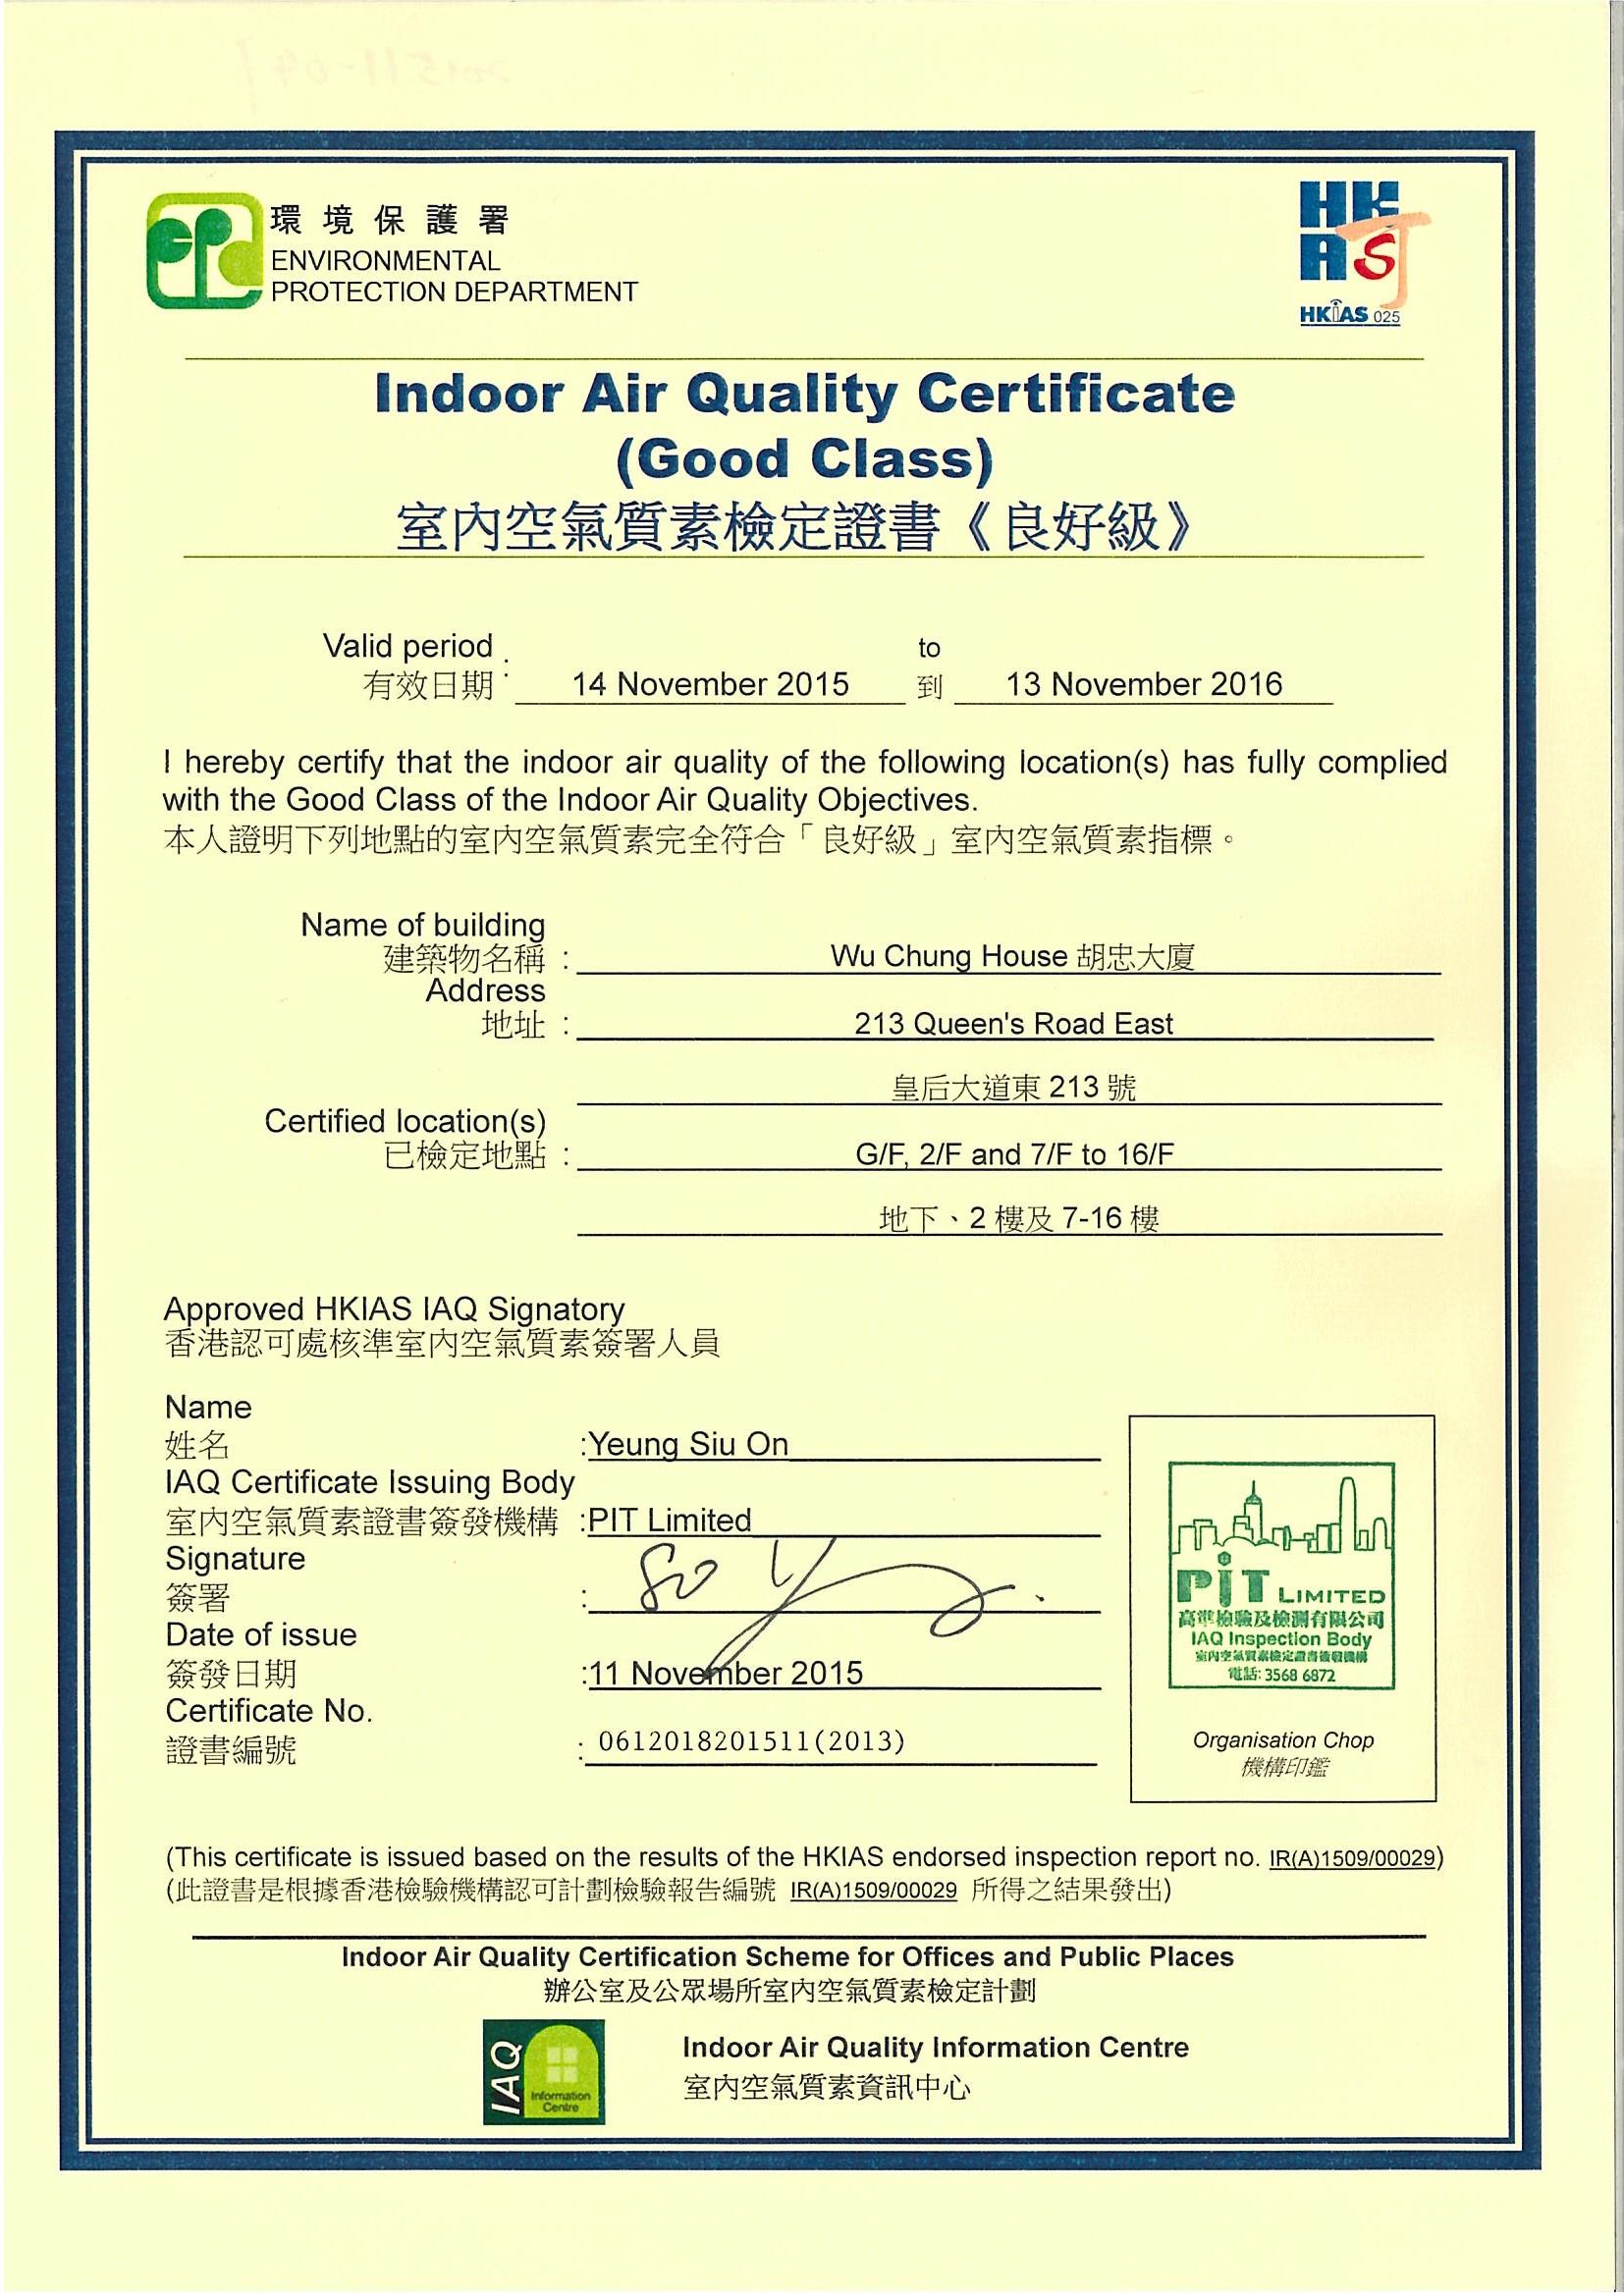 air indoor certificate swd scheme iaq offices certification department social premises report hk
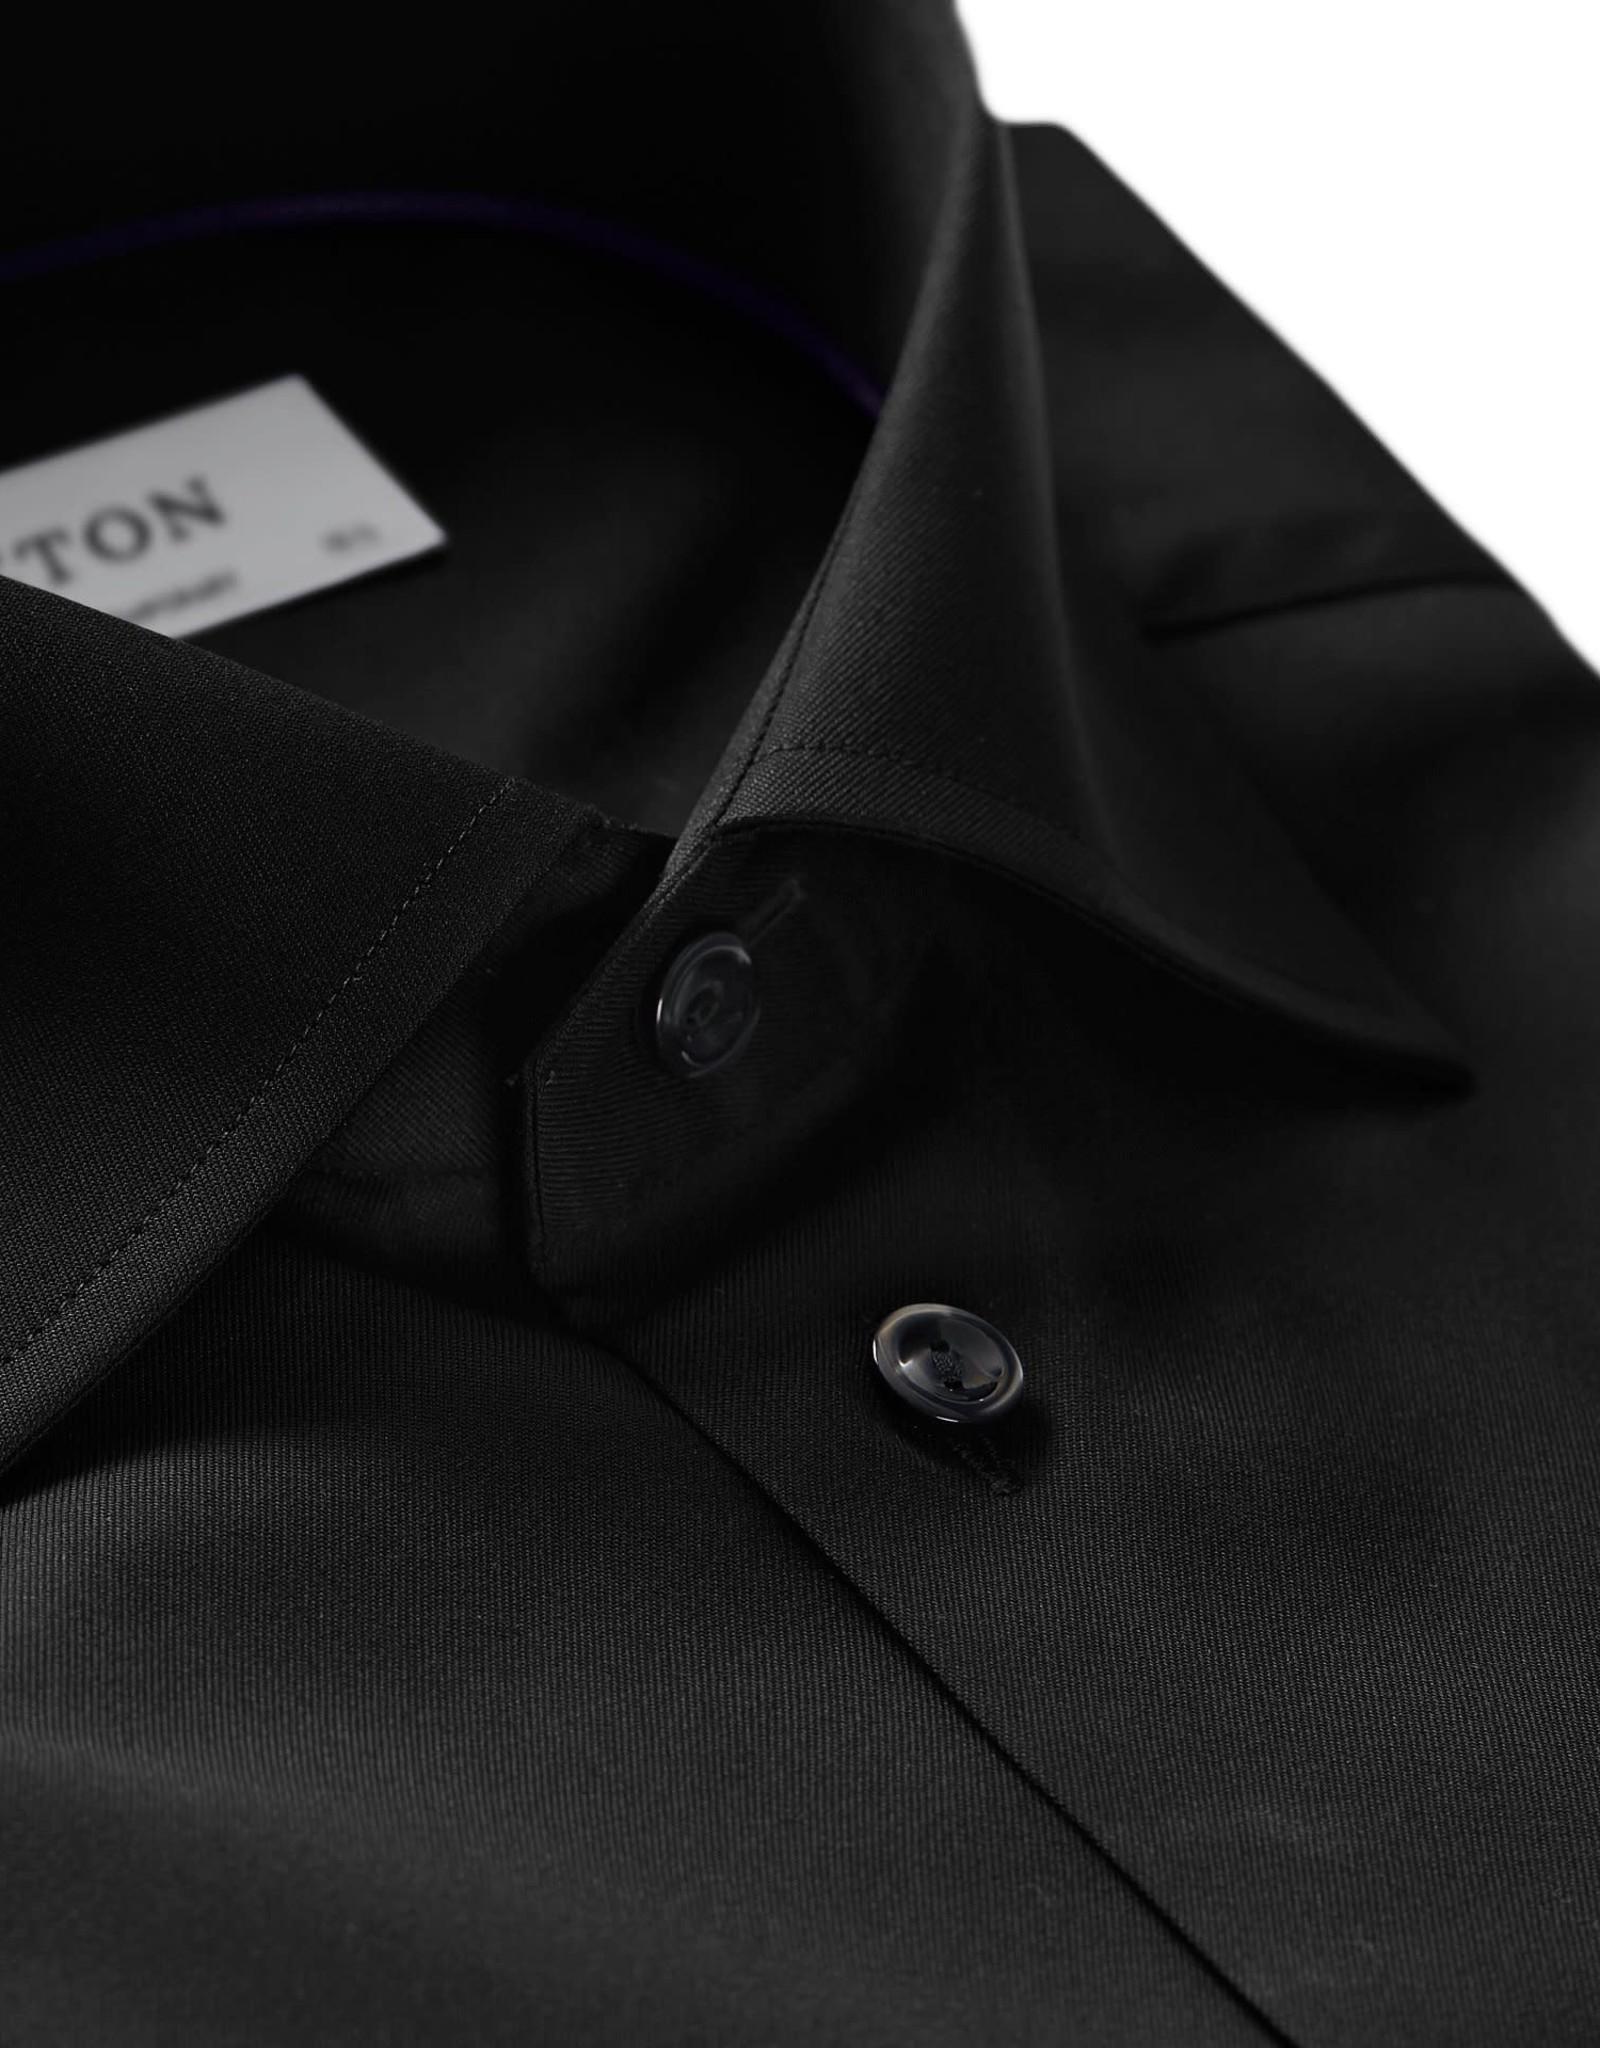 Eton Eton hemd zwart contemporary 3000-79311/18
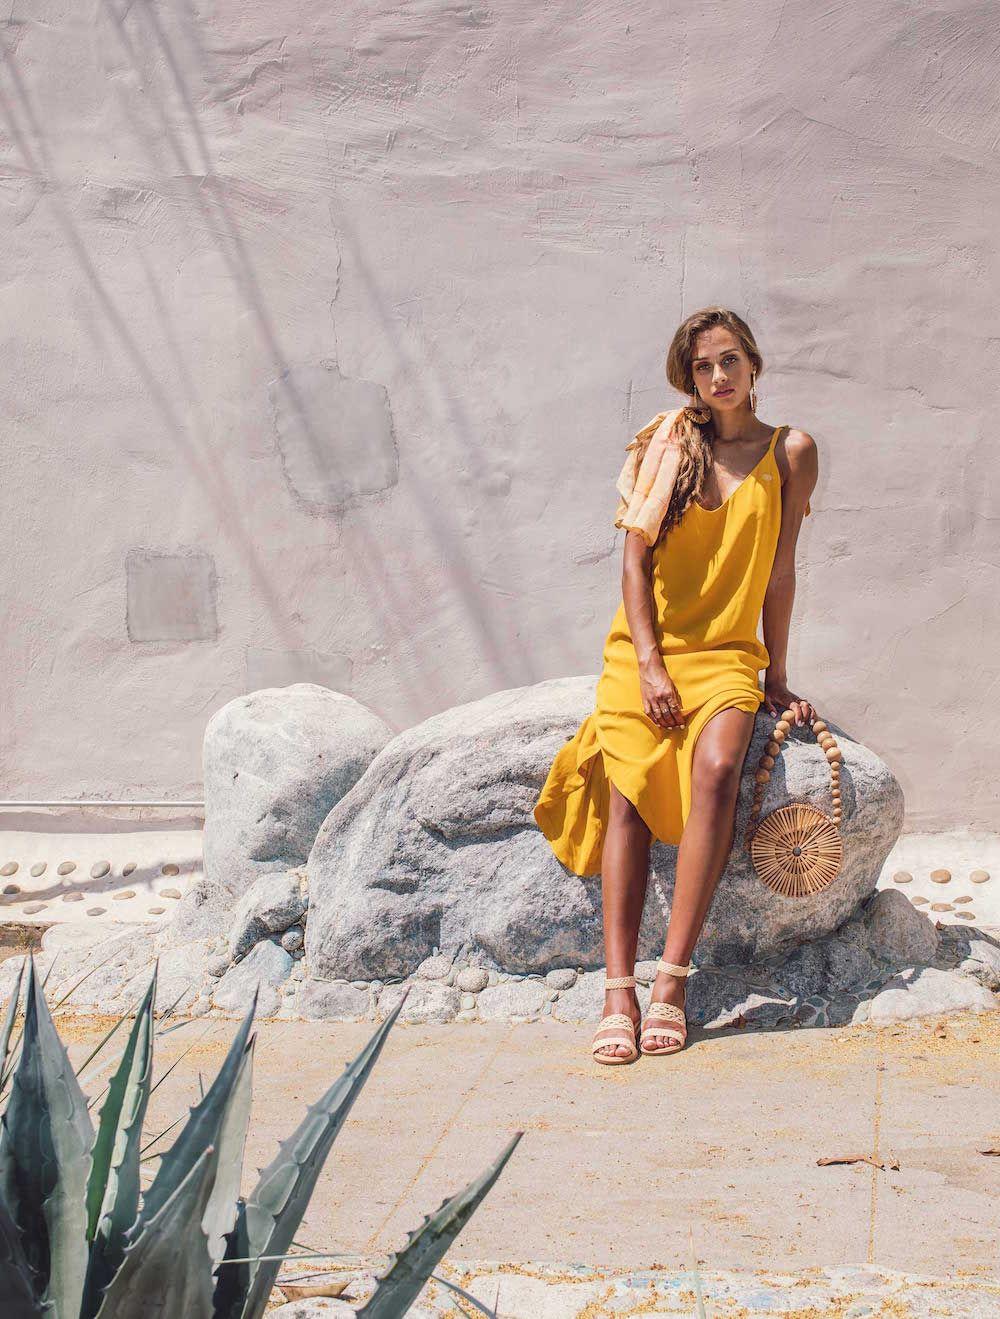 Bared_Footwear_Womens_Linnet_Cream_Nubuck_Sandals_Yellow_Dress_LA_Summer
--- --- ---
▶ _REQUIREMENT_: Except for the pictures, return every line of the material exactly.

▶ _WRITTEN SOLUTION_:
 air indoor certificate swd scheme iaq offices certification department social premises report hk
 Eton Eton hemd zwart contemporary 3000-79311/18
 Bared_Footwear_Womens_Linnet_Cream_Nubuck_Sandals_Yellow_Dress_LA_Summer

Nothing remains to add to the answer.